Research

Current Research

Machine Learning for Autonomic System Operation in the Heterogeneous Edge-Cloud Continuum (MLSysOps)

We are working on the design, implementation and evaluation of a complete framework for autonomic end-to-end system management across the full cloud-edge continuum. Our framework employs a hierarchical agent-based AI architecture to interface with the underlying resource management and application deployment/orchestration mechanisms of the continuum. Adaptivity is achieved through continual ML model learning in conjunction with intelligent retraining concurrently to application execution, while openness and extensibility is supported through explainable ML methods and an API for pluggable ML models. Flexible/efficient application execution on heterogeneous infrastructures and nodes will be enabled through innovative portable container-based technology.

MLSysOps framework core architecture

Energy efficiency, performance, low latency, efficient, resilient and trusted tier-less storage, cross-layer orchestration including resource-constrained devices, resilience to imperfections of physical networks, trust and security, are key elements of this work addressed using ML models. The framework architecture disassociates management from control and seamlessly interfaces with popular control frameworks for different layers of the continuum. The framework is evaluated using research testbeds as well as two real-world application-specific testbeds in the domain of smart cities and smart agriculture, which is also used to collect the system-level data necessary to train and validate the ML models, while realistic system simulators will be used to conduct scale-out experiments. (Github)

In the context of this work, we presented LACE-RL, a latency-aware and carbon-efficient management framework that formulates serverless pod retention as a sequential decision problem. LACE-RL uses deep reinforcement learning to dynamically tune keep-alive durations, jointly modeling cold-start probability, function-specific latency costs, and real-time carbon intensity. Using the Huawei Public Cloud Trace, we show that LACE-RL reduces cold starts by 51.69% and idle keep-alive carbon emissions by 77.08% compared to Huawei’s static policy, while achieving better latency–carbon trade-offs than state-of-the-art heuristic and single- objective baselines, approaching Oracle performance.

In this line of work we have also focused on efficient on-device DNN training. We proposed the TMModel, a performance model that captures the impacts of memory, and especially the texture cache, on the performance of embedded GPUs (e.g. in high-end cell phones) for different memory access patterns. In a follow-up work, this modeling guides compiler-level optimizations for on-device DNN training by quickly characterizing the effects of operator fusion, data layout synthesis, and sub-batch size selection and performing global co-optimization across the entire computational graph. Experimental results show that our methodology consistently outperforms baselines, achieving speedups of 1.44×–74.5× over the vendor-optimized CLML kernel library and 8.9×–204× over the MNN framework.

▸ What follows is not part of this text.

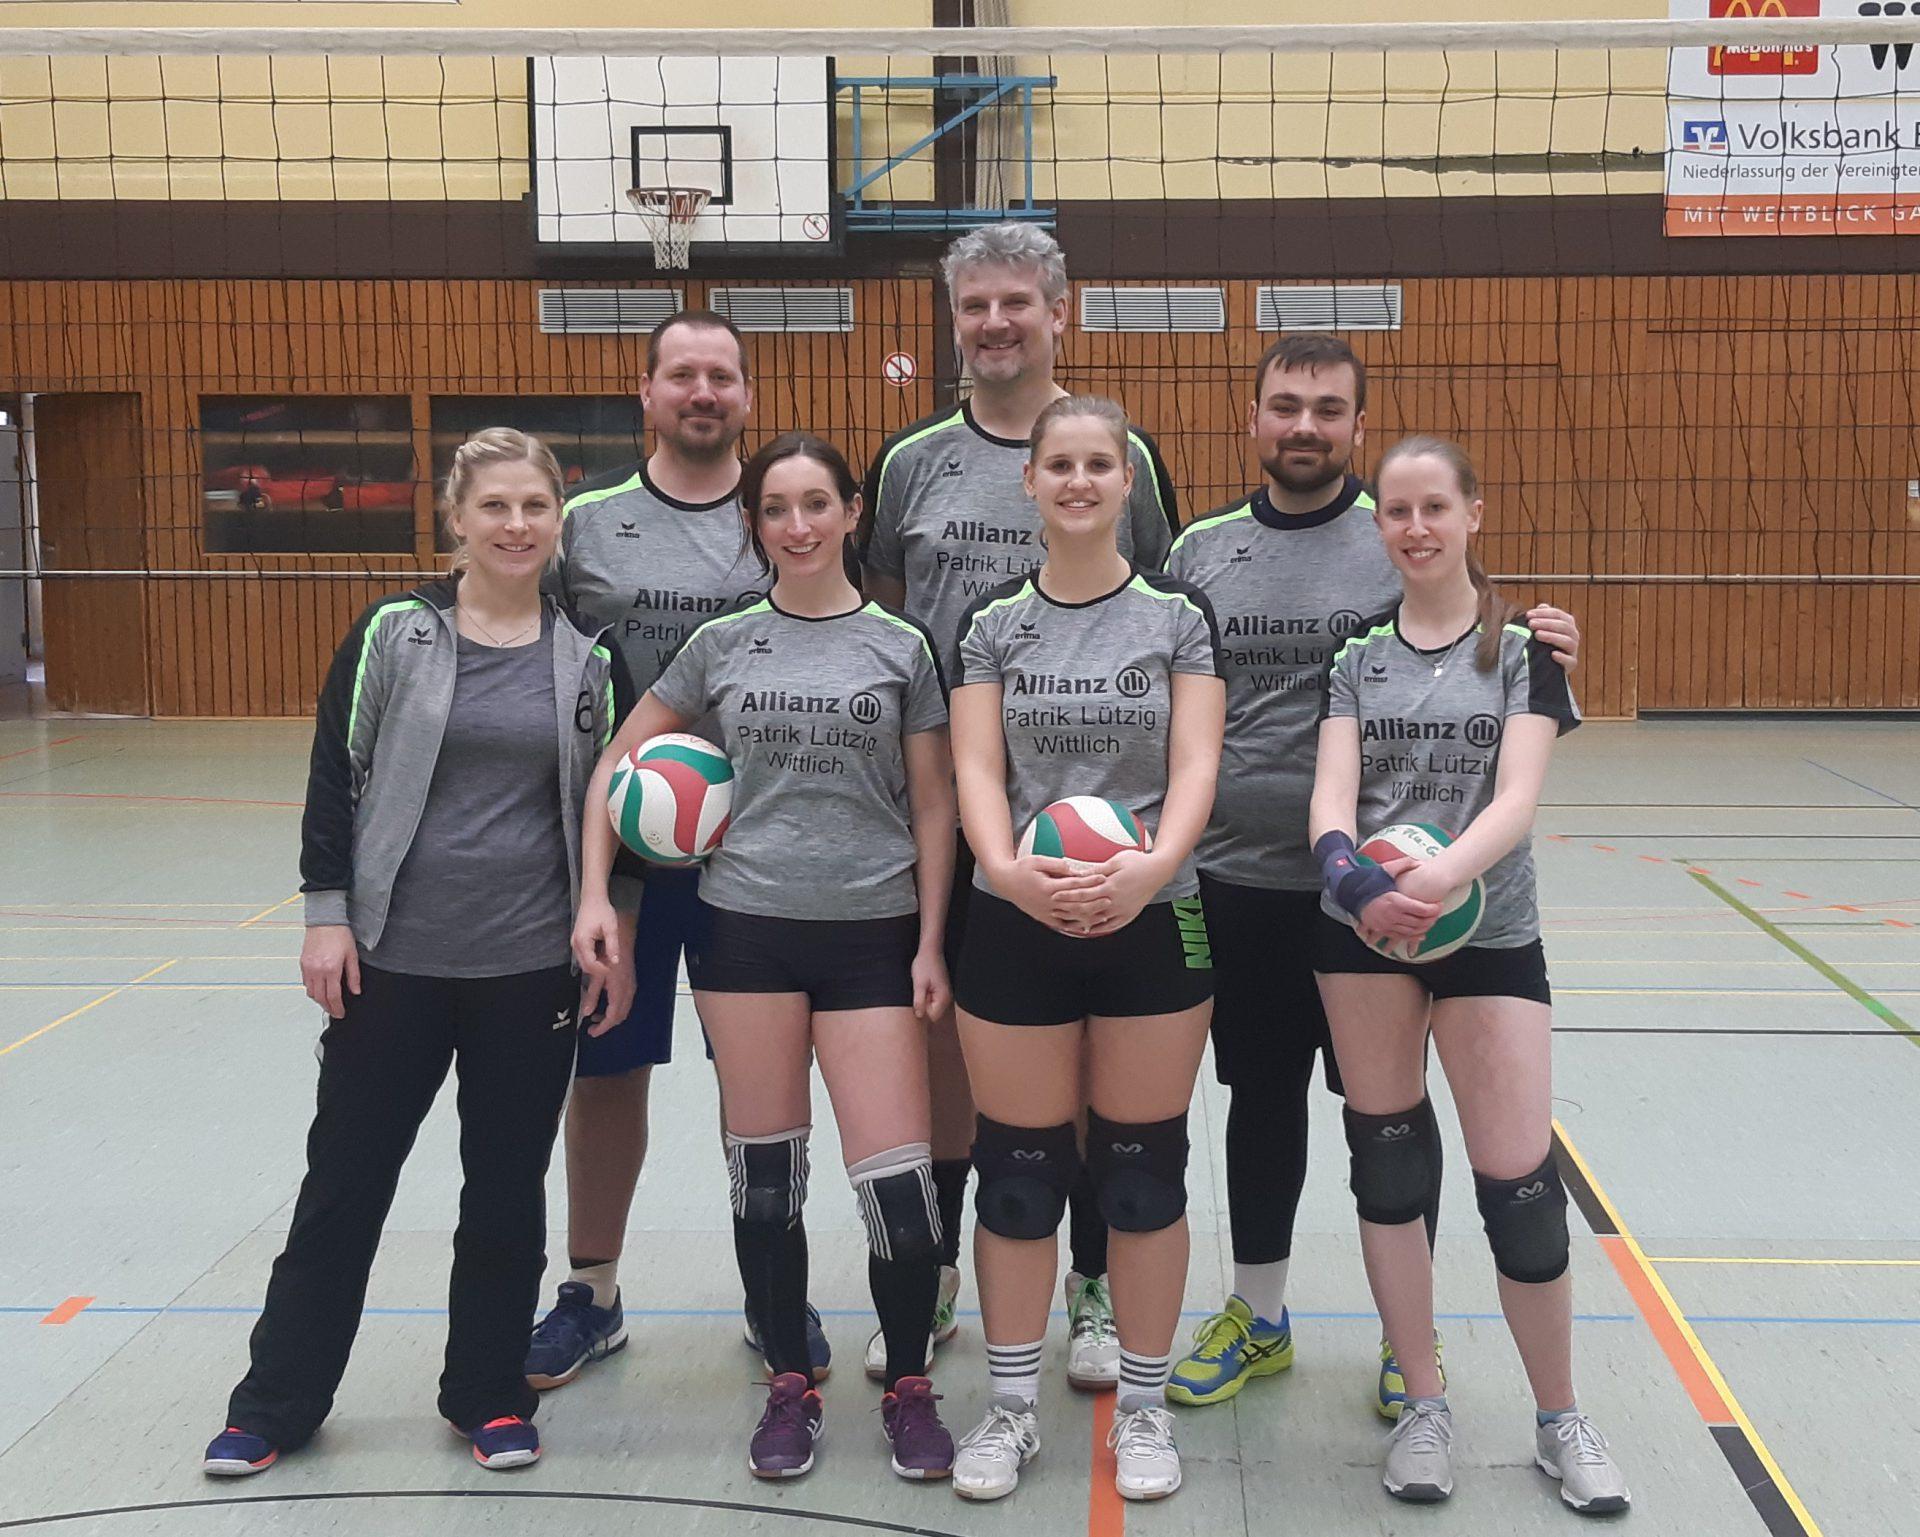 Volleyball_Mixed_Team_2020_hoheAuflösung

We have also worked on ML inference on FPGAs by introducing DPUconfig, a novel runtime management framework, based on a custom Reinforcement Learning (RL) agent, that dynamically selects optimal DPU (Data Processing Units) configurations by leveraging real-time telemetry data monitoring, system utilization, power consumption, and application performance to inform its configuration selection decisions.

Prior Research

Efficient and Reliable Visual SLAM Architectures

visual SLAM pipeline

We explore how visual SLAM can be made practical for real-world autonomous systems by balancing two core requirements: performance and reliability. Our research focused on embedded, resource-constrained platforms and presented optimized FPGA/MPSoC-based implementations for dense SLAM, showing how precise and approximate hardware/software optimizations can deliver real-time, low-power performance—reaching more than 30 fps and up to 46× speedup for key kernels—while preserving tracking quality. We introduced PG-SLAM, an extension to KinectFusion algorithm that helps a humanoid robot recover its pose when the baseline KinectFusion tracking system fails. The pose graph optimization phase is very computationally expensive limiting real-time PG-SLAM performance. Hence, we proposed numerous approximations to reduce computation requirements and we explored the architecture of multiple HW/SW FPGA designs that implement approximate versions of PG-SLAM. We showed that even though approximations are necessary to achieve real-time operation, they need to be applied carefully to avoid large numbers of untracked frames. We provided a practical framework for building high-performance, energy-efficient, and robust visual SLAM systems for next-generation robotics and edge AI applications. (TECS’2023)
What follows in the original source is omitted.